Exhaust emissions from new cars and heavy-duty vehicles have been reduced drastically with tightening emission legislations. For example, HEI (2015) reported that the 2007 compliant diesel engines equipped with exhaust gas recirculation (EGR), diesel oxidation catalyst (DOC) and diesel particulate filter (DPF) reduced levels of PM by 90% and those of VOCs and semivolatile organic compounds (SVOCs) by over 90% compared with emissions from old engines. Emissions for new-technology engines were not carcinogenic in in-vivo studies (rats), though a few effects in rat lungs were observed resembling changes seen in earlier studies after long-term exposures to gaseous oxidant pollutants, in particular nitrogen dioxide (NO2). Low emission level of new cars and heavy-duty vehicles is compensated to some extent by their increasing numbers on road, and by  emission species attached with the emission control technologies, e.g. nitrous oxide (N2O) and ammonia (NH3), or with alternative fuels e.g. methane and aldehydes. (Meija-Centeno 2007, IEA-AMF Task 35-2: Rosenblatt et al. 2014, IEA-AMF Task 22: Aakko and Nylund 2003). Many emission species are significant even at low concentrations. In addition, engine-out emissions from internal combustion engines are still high, which is immediately reflected in the tailpipe emissions when emission control technologies are not working properly. All in all, exhaust emissions from on-road transport are still a relevant, particularly when new technologies and alternative fuels are introduced.

Composition of exhaust gas

Complete combustion of fuels produces only carbon dioxide (CO2) and water, while constituents called traditional “emissions” represent only a small share of the total exhaust gas, below 0.5%(V/V). The major constituents of diesel exhaust are nitrogen, oxygen, water and CO2. Exhaust gas from gasoline fuelled cars does not contain oxygen, because it is consumed in stoichiometric combustion.

Figure 1. Examples of compositions of the exhaust gases from “diesel” combustion using excess air and stoichiometric spark-ignited “gasoline” combustion. Concentrations are shown as %(V/V).

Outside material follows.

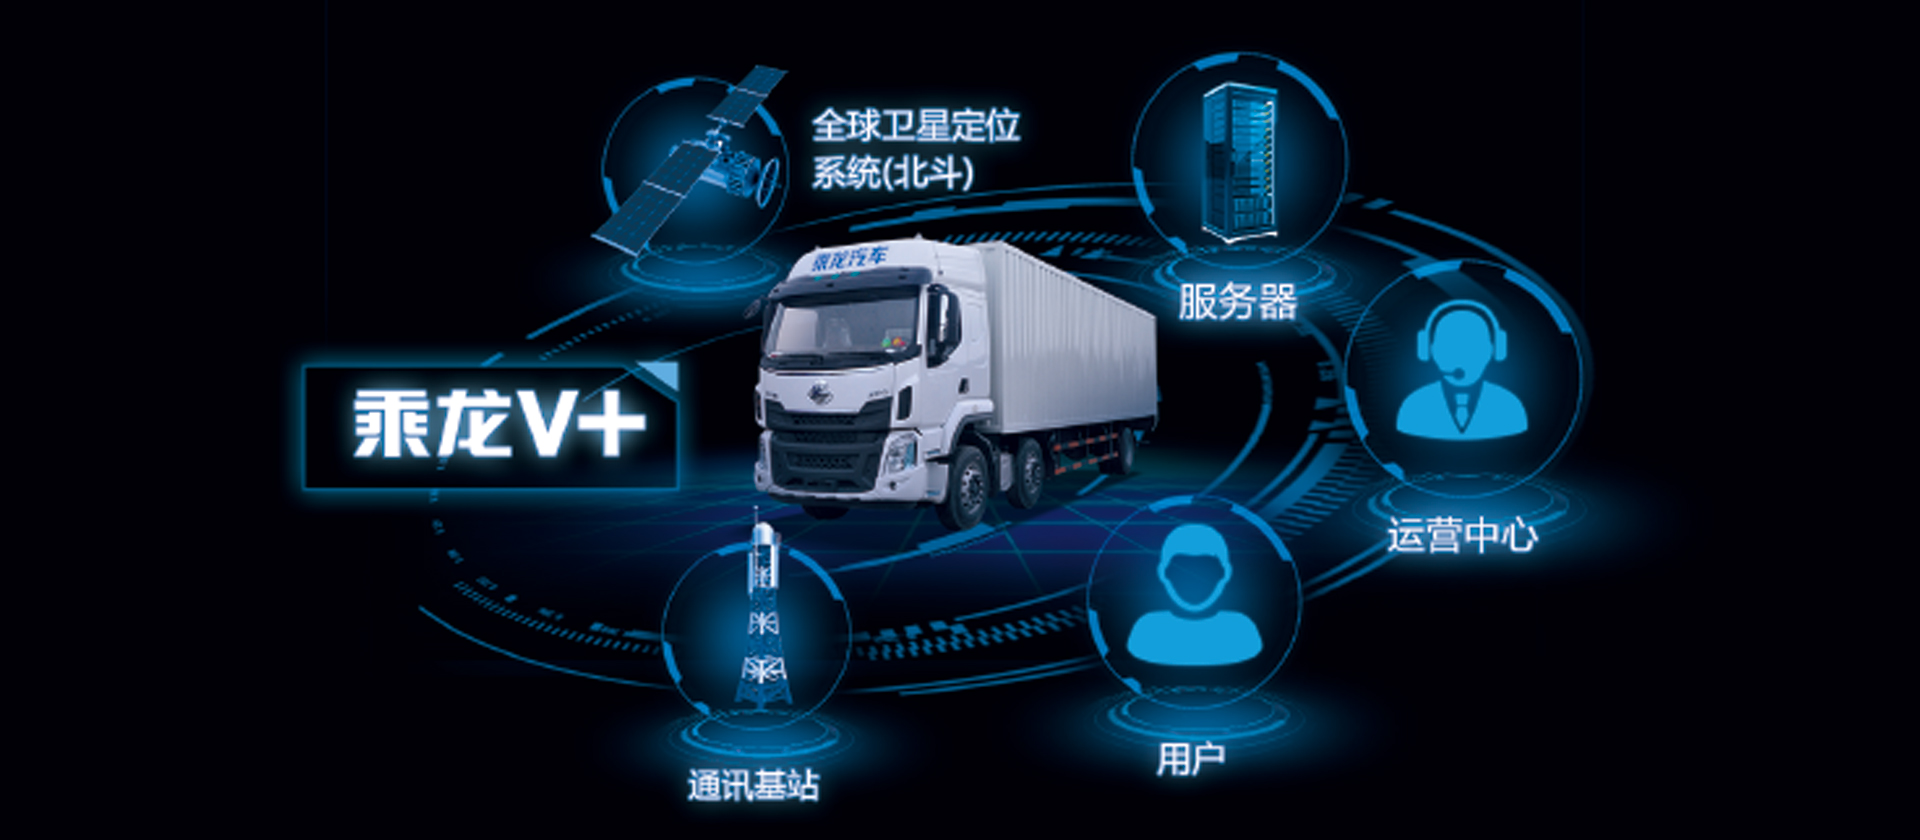 H5牽引車 全新開發乘龍V+車聯網系統，智能卡車，十大功能幫助改善駕駛行為50%，降低車輛7%-10%油耗，提升20%出勤率和配貨率

Air to fuel ratio (AFR) is one of the parameters affecting the exhaust emissions from internal combustion engines (Figure 2). Diesel engines use excess air (lean, AFR>1), while spark-ignited otto engines typically operate close to the stoichiometric air to fuel ratio (AFR~1). In diesel combustion, NOx and PM emissions tend to be elevated, while emissions of THC and CO are typically at low level. Spark-ignited gasoline cars operating close to stoichiometric air to fuel ratio can use TWC, which efficiently reduces CO, HC and NOx emissions. Complicated emission control systems consisting of SCR and diesel particulate filter (DPF) are required for diesel engines to achieve similar emission level as for stoichiometric spark-ignited otto engines. Alternative fuels can be used in both diesel and otto engines. Some alternative fuels can assist performance of existing emission control systems (paraffinic diesel), while others may require development/adjustment of aftertreatment technologies (ethanol, methane).

Figure 2. Engine-out emissions from internal combustion engines at different air to fuel ratios (Windawi 1992).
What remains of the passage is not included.